IPOJUCA

MPPE atua para garantir análise rigorosa do EIA/RIMA do empreendimento Maracaípe Beach Living

Imagem de praia de Maracaípe
Estudo apresentado ainda não oferece base técnica segura para embasar uma decisão conclusiva sobre a viabilidade ambiental do empreendimento

 

24/03/2026 - O licenciamento original do empreendimento Maracaípe Beach Living, que tramitava junto ao Município de Ipojuca, foi anulado após o acatamento de Recomendação expedida pelo Grupo de Atuação Conjunta Especializada (GACE) Praias, força-tarefa do Ministério Público de Pernambuco que atuou em três municípios da zona costeira do Estado. Segundo a recomendação, o licenciamento deveria ocorrer junto ao órgão licenciador estadual (CPRH) e por meio da realização de Estudo de Impacto Ambiental (EIA).
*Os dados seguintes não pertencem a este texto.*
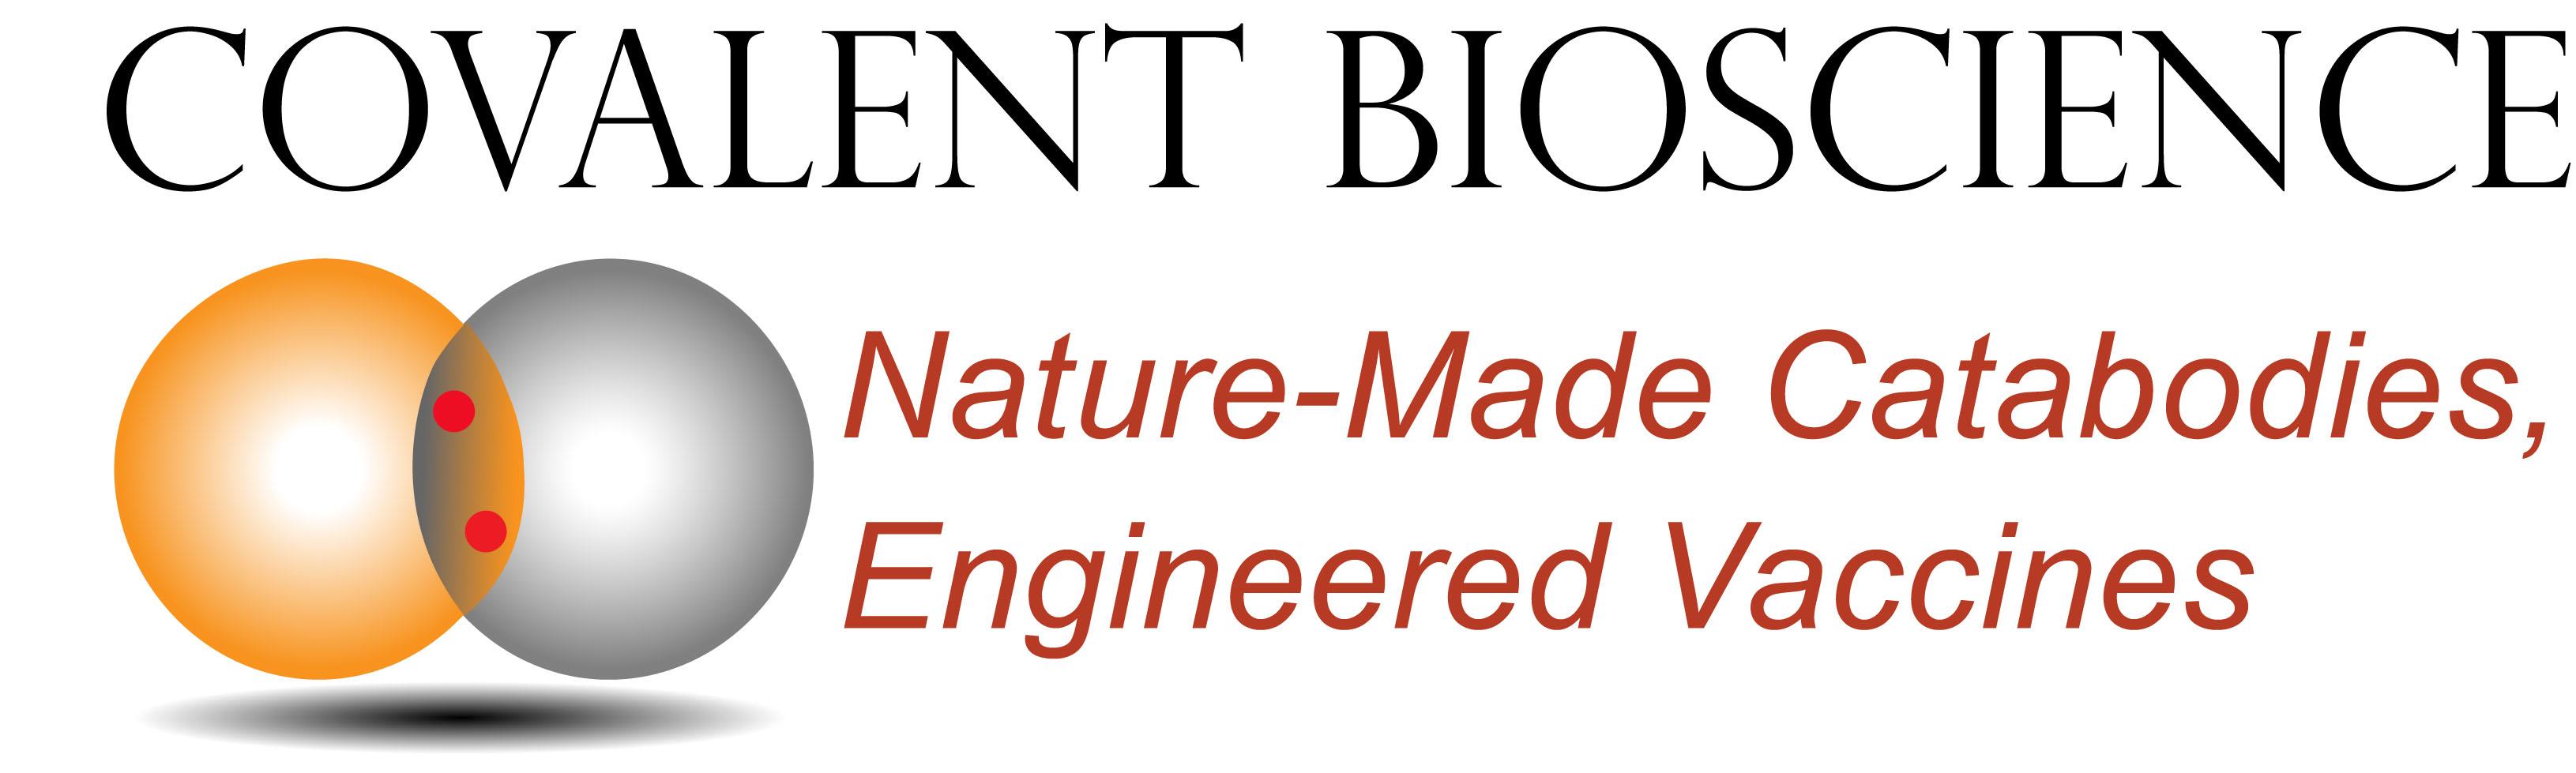 Covalent Bioscience

Agora, no novo procedimento, que tramita junto à CPRH, o MPPE acompanha de forma preventiva a análise do Estudo de Impacto Ambiental e Relatório de Impacto Ambiental (EIA/RIMA), para verificar se o projeto apresenta informações suficientes e seguras antes de qualquer decisão administrativa definitiva. A análise ministerial é assinada pelo promotor de Justiça de Ipojuca, Luiz Eduardo Braga Lacerda, pela coordenadora do CAO Meio Ambiente, Belize Câmara Correia, por equipe técnica multidisciplinar do CAO e pelo Departamento de Oceanografia da UFPE. 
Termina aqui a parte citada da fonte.